The Jewish Chorale will perform a piece from Syrian-American pianist and composer Malek Jandali.
Dennis TenWolde, the Dayton Performing Arts Association’s Director of Institutional Giving, said the New York-based musician heard about the concert and contacted organizers Wednesday, April 3.
Jandali loved the unity concept and will introduce his piece “Phoenix in Exile,” TenWolde said.
“He’s coming just for the concert,” TenWolde said. “He was like, ‘can I come.’ We were like, ‘sure’.”
The song was inspired by children Jandali met in refugee camps.
Why the concert is happening
It all began when Gittleman approached his next-door neighbor, Jenna Greenberg, about expanding the DPO’s popular “Stained Glass” series to add other religions. Greenberg is conductor of the Dayton Jewish Chorale and the wife of Beth Abraham Synagogue’s rabbi, Joshua Ginsberg.
“I told him that our chorale was considering putting on an interfaith concert with Omega Baptist Church and Corinthian Missionary Baptist Church for Martin Luther King weekend,” Greenberg recalls. “We put our heads together and created this really amazing collaboration with several other choirs from local churches as well as the University of Dayton.”
In addition to the Jewish Chorale, Omega Baptist and Corinthian singers, St. Mary’s Catholic Church Choirs are also participating. Both the University of Dayton Ebony Heritage Singers and U.D.’s World Music Choir will perform. Gittleman says they’ve also been reaching out to other faiths and are still hoping others may decide to join the mass choir.
On the program
From the beginning, the idea was to celebrate religious, cultural, and musical traditions from a variety of religious denominations. “The groups all chose their own pieces and I chose the three mass choir numbers in collaboration with all the choir directors,” Gittleman explains.
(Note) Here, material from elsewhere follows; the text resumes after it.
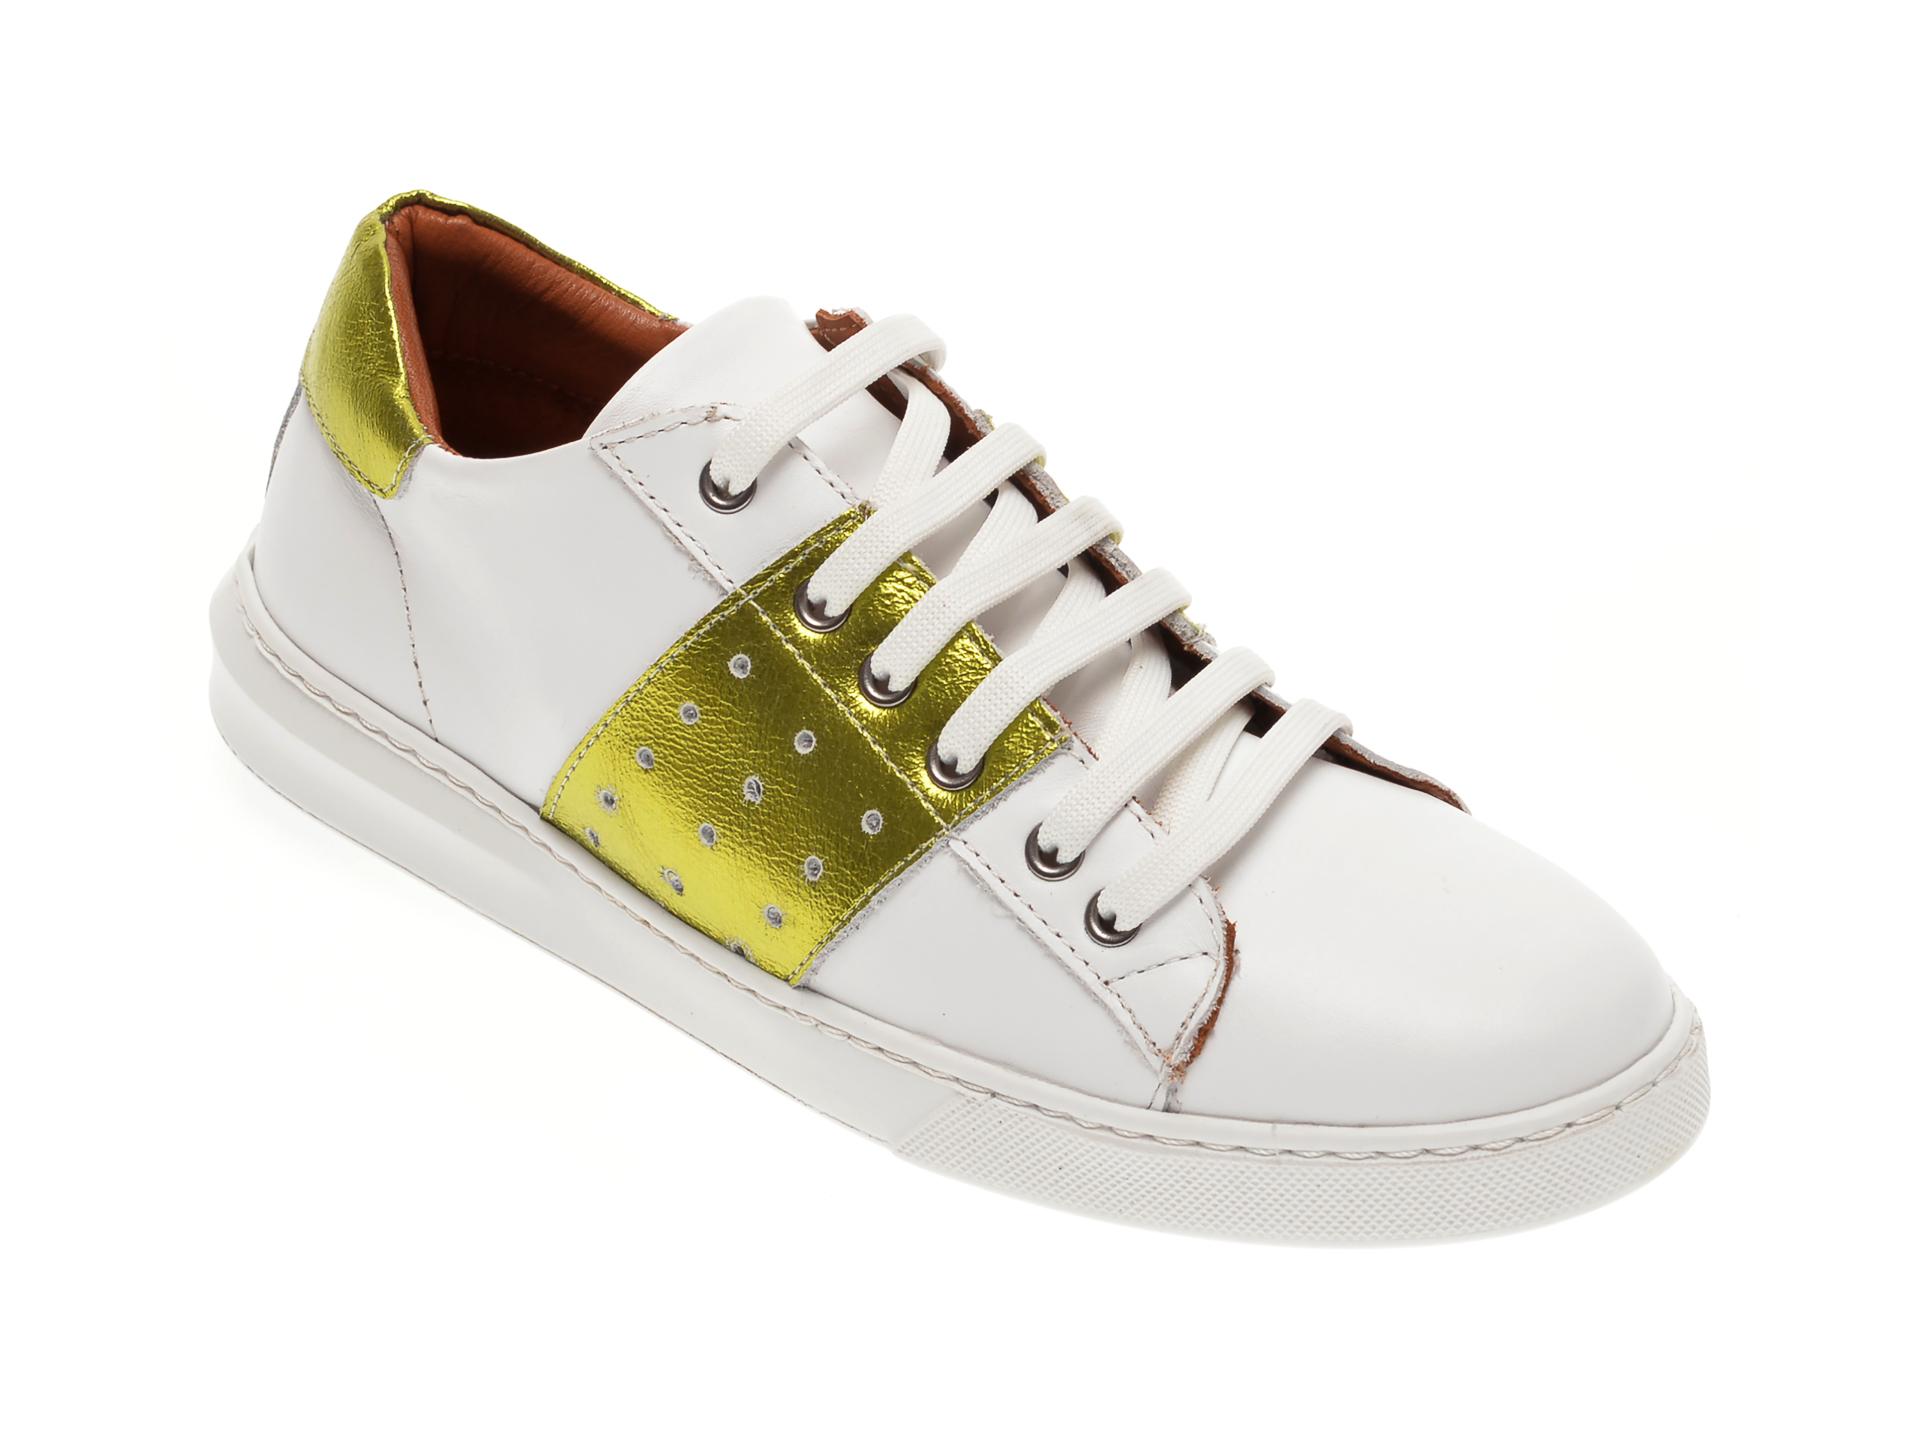 Pantofi BABOOS albi, 2303, din piele naturala

Kathryn Maresca is director of music and organist at Dayton’s St. Mary Church, an English and Hispanic congregation with Masses in both languages. “At times we will have a bilingual Mass, which helps us come together as one congregation,” she explains. “With what is happening in the U.S. and around the world in places of worship, this concert could not happen at a more opportune time.”
The piece she’s selected for the English choir at St. Mary, along with choir members from Church of the Incarnation in Centerville, St. Paul in Yellow Springs, and Emmanuel in Dayton, is an “Ave Maria” by G. Caccini. “I wanted to choose an ‘Ave Maria’ because Mary, mother of Jesus, is a very integral part of the Catholic faith,” Maresca explains. “The Hispanic choir, directed by Luis Clemente, has chosen two pieces entitled ‘Tu estas aqui’ ( ‘I know, you are here’), and ‘Cuan grande es mi Dios’ (‘How great is our God’).”
Maresca says the “Unity in Harmony” concert will bring a message to the community that people can come together with different faiths, languages and culture. “They can learn from each other, accept each other, and sing together in perfect harmony,” she says. “Music is truly a universal language.”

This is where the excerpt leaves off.